### GIVEN MATERIAL
+++++

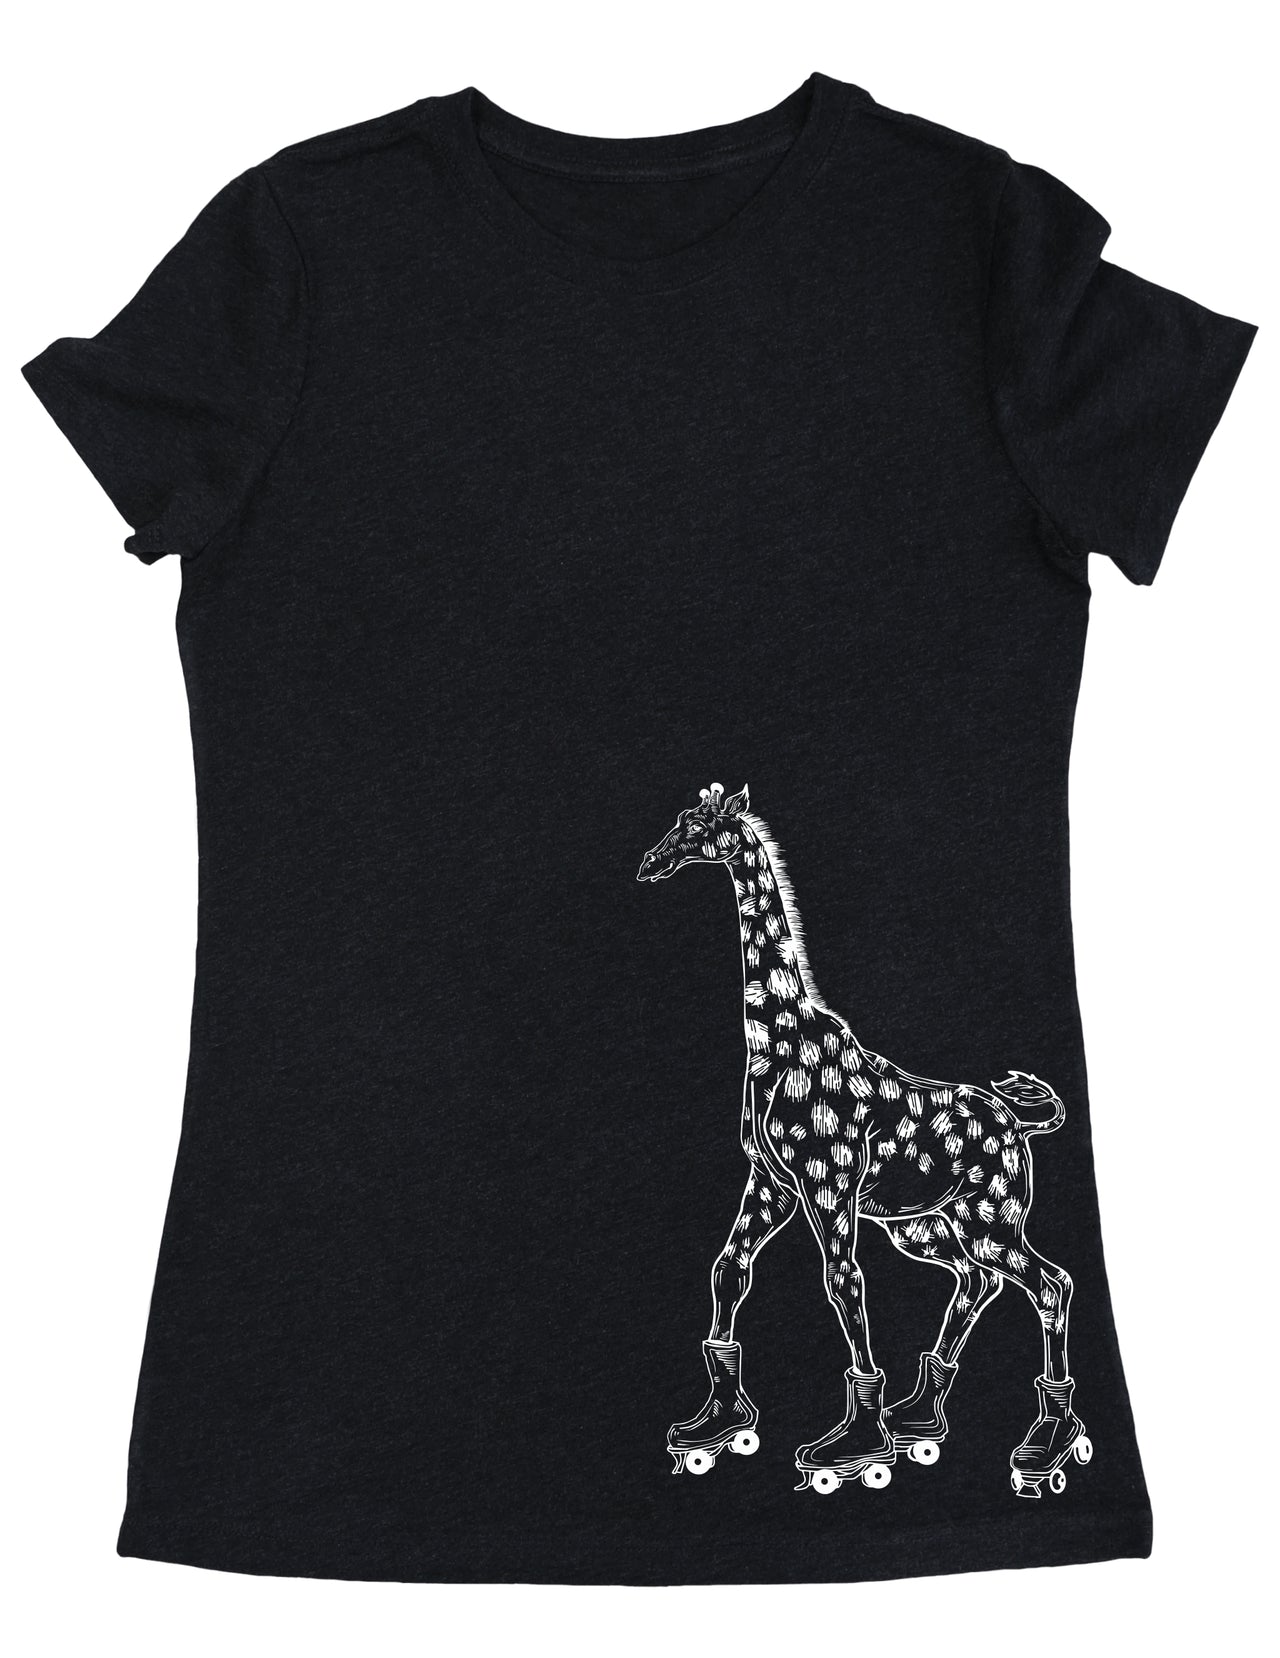 SEEMBO Giraffe Skater Skating Roller Skates Women's Tri-Blend T-Shirt Side Print
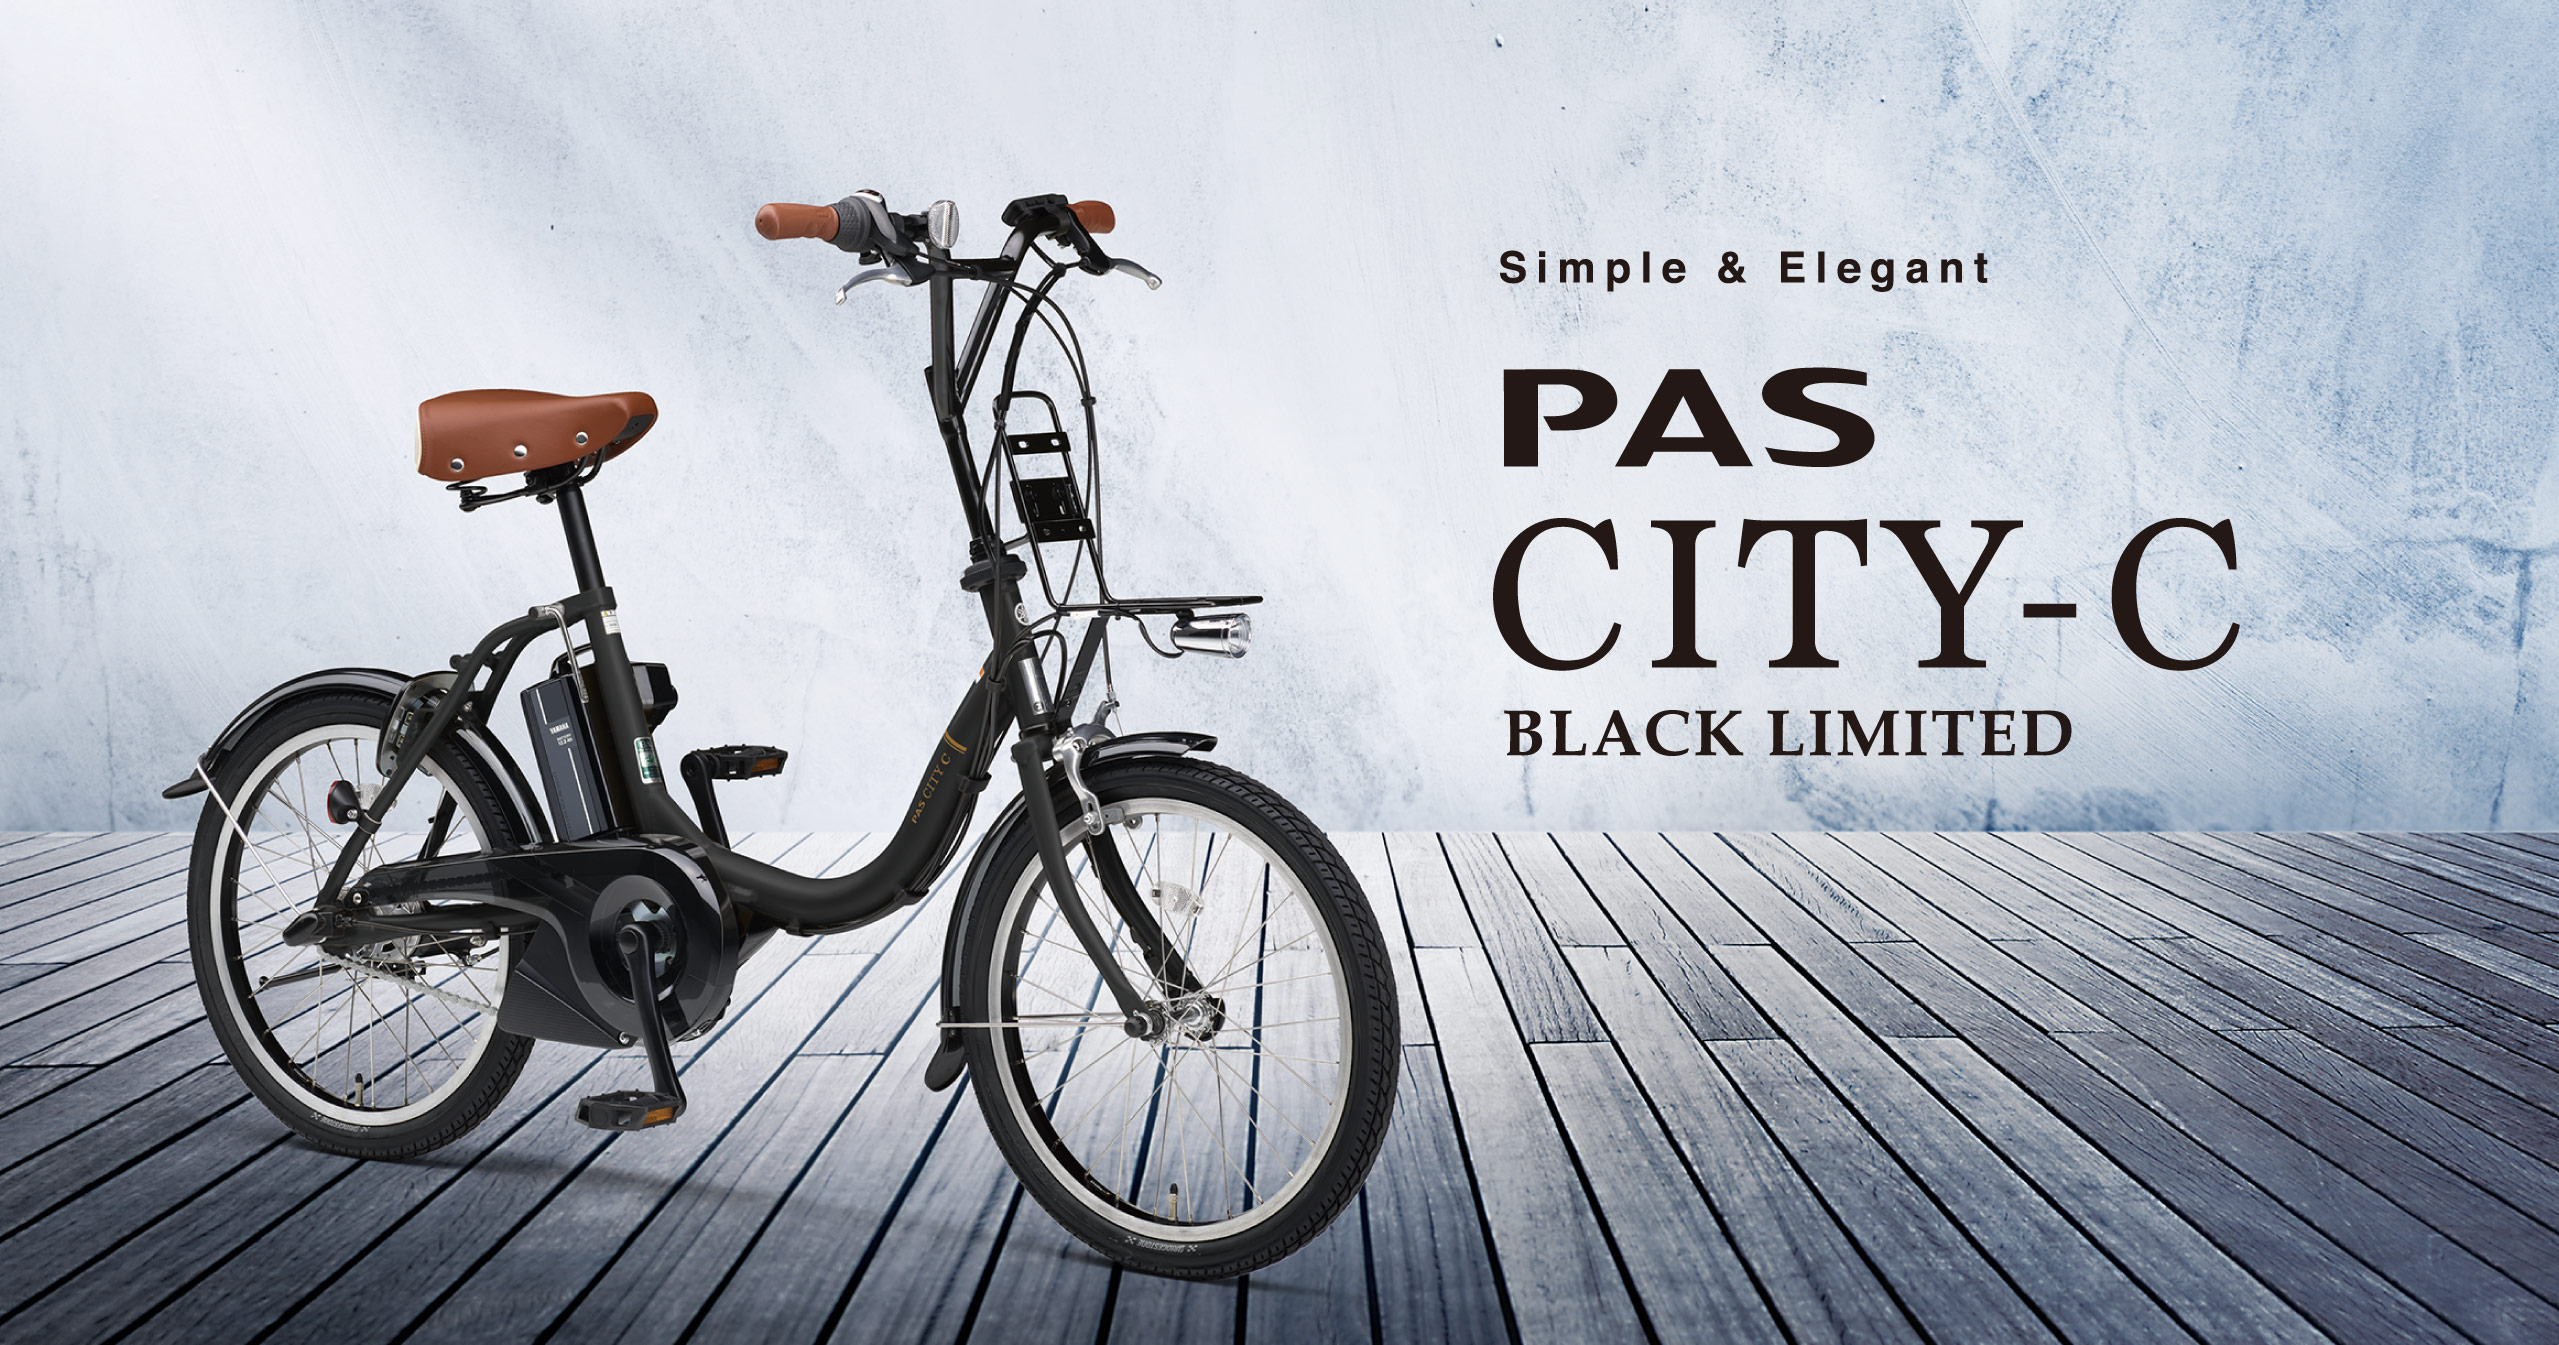 PAS CITY-C BLACK LIMITED - 電動自転車 | ヤマハ発動機
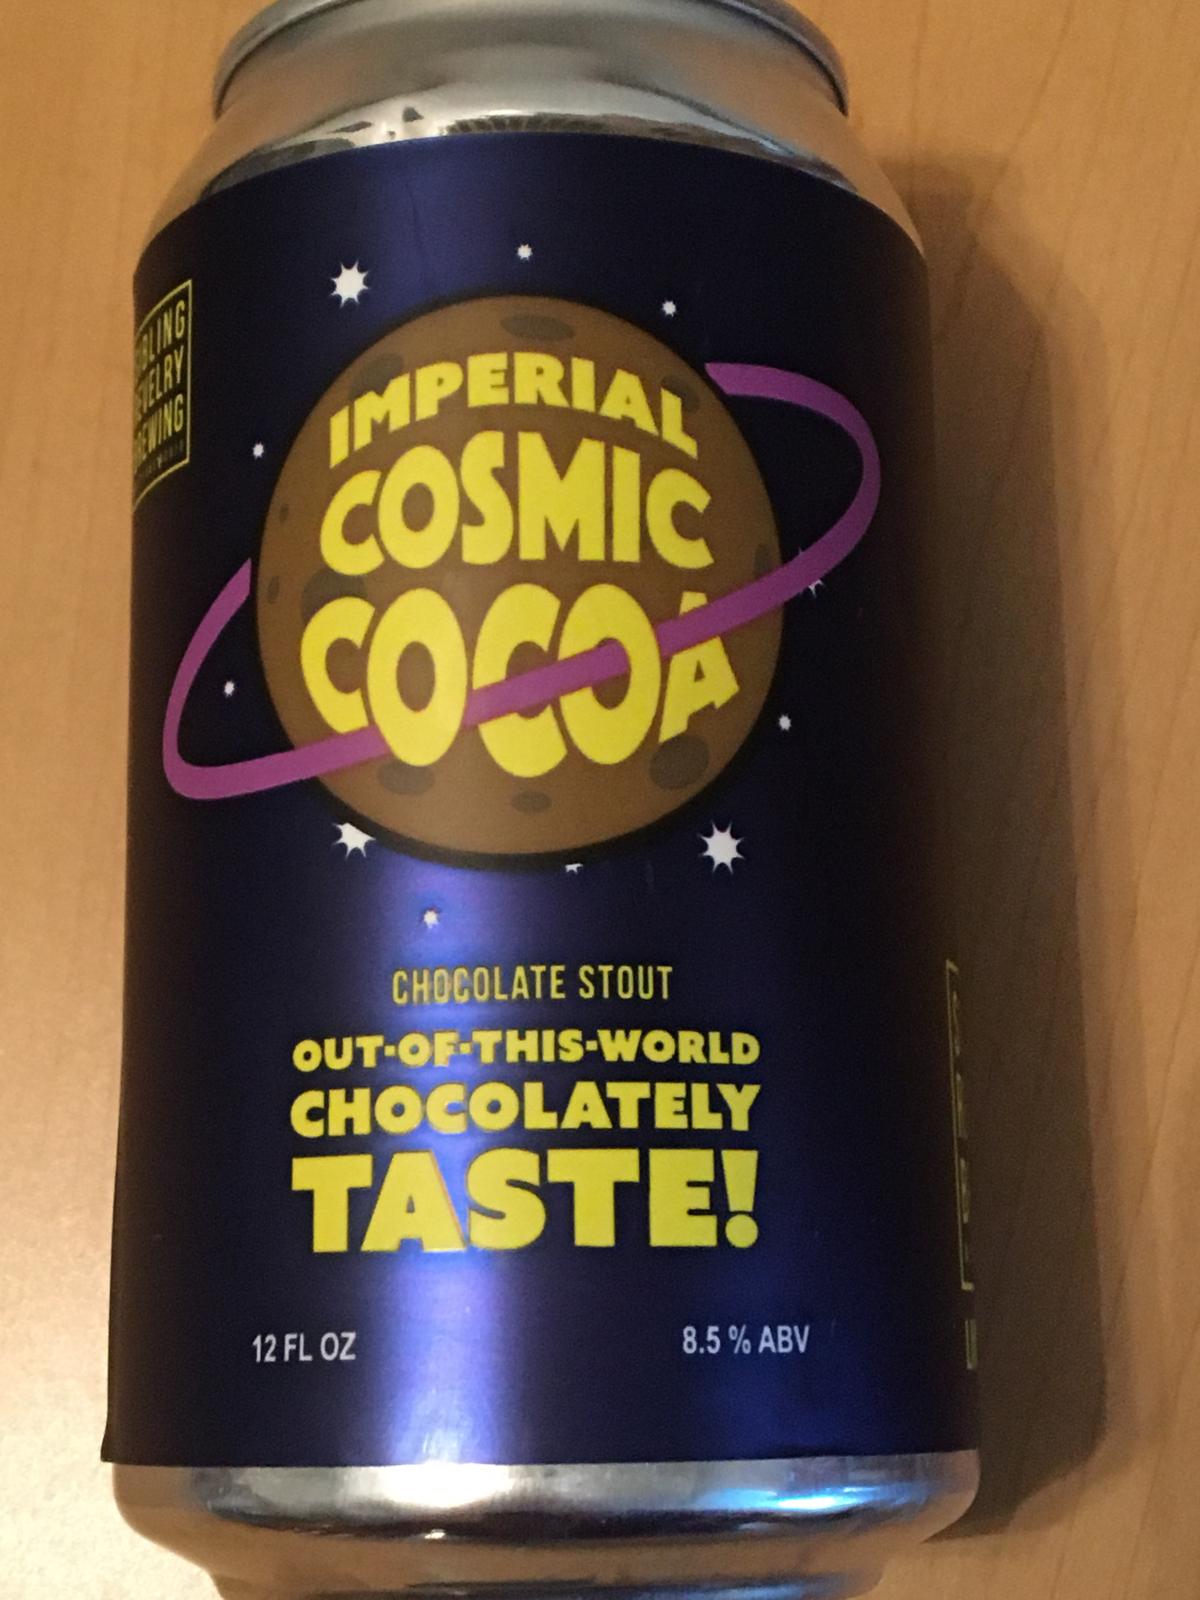 Cosmic Cocoa

+++++

### WORK TO COMPLETE
Copy the data word for word and omit every picture.

### ANSWER TO THIS TASK
 SEEMBO Giraffe Skater Skating Roller Skates Women's Tri-Blend T-Shirt Side Print
 PAS CITY-C BLACK LIMITED - 電動自転車 | ヤマハ発動機
 Cosmic Cocoa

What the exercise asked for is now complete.